## What you should do
Print each entry below precisely as shown.

Records for the exercise section start

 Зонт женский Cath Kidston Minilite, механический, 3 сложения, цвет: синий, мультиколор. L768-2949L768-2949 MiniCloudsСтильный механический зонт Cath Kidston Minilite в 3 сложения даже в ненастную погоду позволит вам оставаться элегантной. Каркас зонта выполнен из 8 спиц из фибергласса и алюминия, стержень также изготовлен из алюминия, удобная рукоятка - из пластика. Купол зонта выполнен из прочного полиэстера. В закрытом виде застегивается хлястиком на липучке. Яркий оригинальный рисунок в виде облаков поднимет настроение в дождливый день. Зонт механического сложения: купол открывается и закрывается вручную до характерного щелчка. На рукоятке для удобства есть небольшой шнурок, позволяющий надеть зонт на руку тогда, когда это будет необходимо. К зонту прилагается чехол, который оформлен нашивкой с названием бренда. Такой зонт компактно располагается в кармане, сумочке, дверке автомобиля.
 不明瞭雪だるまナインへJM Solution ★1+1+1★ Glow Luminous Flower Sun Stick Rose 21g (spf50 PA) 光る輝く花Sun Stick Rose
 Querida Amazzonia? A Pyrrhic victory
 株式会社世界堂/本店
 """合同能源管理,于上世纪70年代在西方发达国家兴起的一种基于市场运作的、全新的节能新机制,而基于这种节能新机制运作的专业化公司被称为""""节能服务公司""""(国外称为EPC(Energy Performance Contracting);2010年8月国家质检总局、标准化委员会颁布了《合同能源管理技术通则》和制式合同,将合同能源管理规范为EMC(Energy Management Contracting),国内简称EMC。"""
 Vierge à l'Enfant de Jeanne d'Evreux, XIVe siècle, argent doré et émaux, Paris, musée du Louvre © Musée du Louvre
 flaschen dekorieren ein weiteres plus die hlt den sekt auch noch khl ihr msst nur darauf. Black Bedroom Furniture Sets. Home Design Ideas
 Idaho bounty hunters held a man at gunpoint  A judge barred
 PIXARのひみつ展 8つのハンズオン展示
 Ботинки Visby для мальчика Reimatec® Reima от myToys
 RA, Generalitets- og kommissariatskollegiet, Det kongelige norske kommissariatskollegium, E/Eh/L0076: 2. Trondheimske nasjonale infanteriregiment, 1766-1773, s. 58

Records for the exercise section end

## Your response
 Зонт женский Cath Kidston Minilite, механический, 3 сложения, цвет: синий, мультиколор. L768-2949L768-2949 MiniCloudsСтильный механический зонт Cath Kidston Minilite в 3 сложения даже в ненастную погоду позволит вам оставаться элегантной. Каркас зонта выполнен из 8 спиц из фибергласса и алюминия, стержень также изготовлен из алюминия, удобная рукоятка - из пластика. Купол зонта выполнен из прочного полиэстера. В закрытом виде застегивается хлястиком на липучке. Яркий оригинальный рисунок в виде облаков поднимет настроение в дождливый день. Зонт механического сложения: купол открывается и закрывается вручную до характерного щелчка. На рукоятке для удобства есть небольшой шнурок, позволяющий надеть зонт на руку тогда, когда это будет необходимо. К зонту прилагается чехол, который оформлен нашивкой с названием бренда. Такой зонт компактно располагается в кармане, сумочке, дверке автомобиля.
 不明瞭雪だるまナインへJM Solution ★1+1+1★ Glow Luminous Flower Sun Stick Rose 21g (spf50 PA) 光る輝く花Sun Stick Rose
 Querida Amazzonia? A Pyrrhic victory
 株式会社世界堂/本店
 """合同能源管理,于上世纪70年代在西方发达国家兴起的一种基于市场运作的、全新的节能新机制,而基于这种节能新机制运作的专业化公司被称为""""节能服务公司""""(国外称为EPC(Energy Performance Contracting);2010年8月国家质检总局、标准化委员会颁布了《合同能源管理技术通则》和制式合同,将合同能源管理规范为EMC(Energy Management Contracting),国内简称EMC。"""
 Vierge à l'Enfant de Jeanne d'Evreux, XIVe siècle, argent doré et émaux, Paris, musée du Louvre © Musée du Louvre
 flaschen dekorieren ein weiteres plus die hlt den sekt auch noch khl ihr msst nur darauf. Black Bedroom Furniture Sets. Home Design Ideas
 Idaho bounty hunters held a man at gunpoint  A judge barred
 PIXARのひみつ展 8つのハンズオン展示
 Ботинки Visby для мальчика Reimatec® Reima от myToys
 RA, Generalitets- og kommissariatskollegiet, Det kongelige norske kommissariatskollegium, E/Eh/L0076: 2. Trondheimske nasjonale infanteriregiment, 1766-1773, s. 58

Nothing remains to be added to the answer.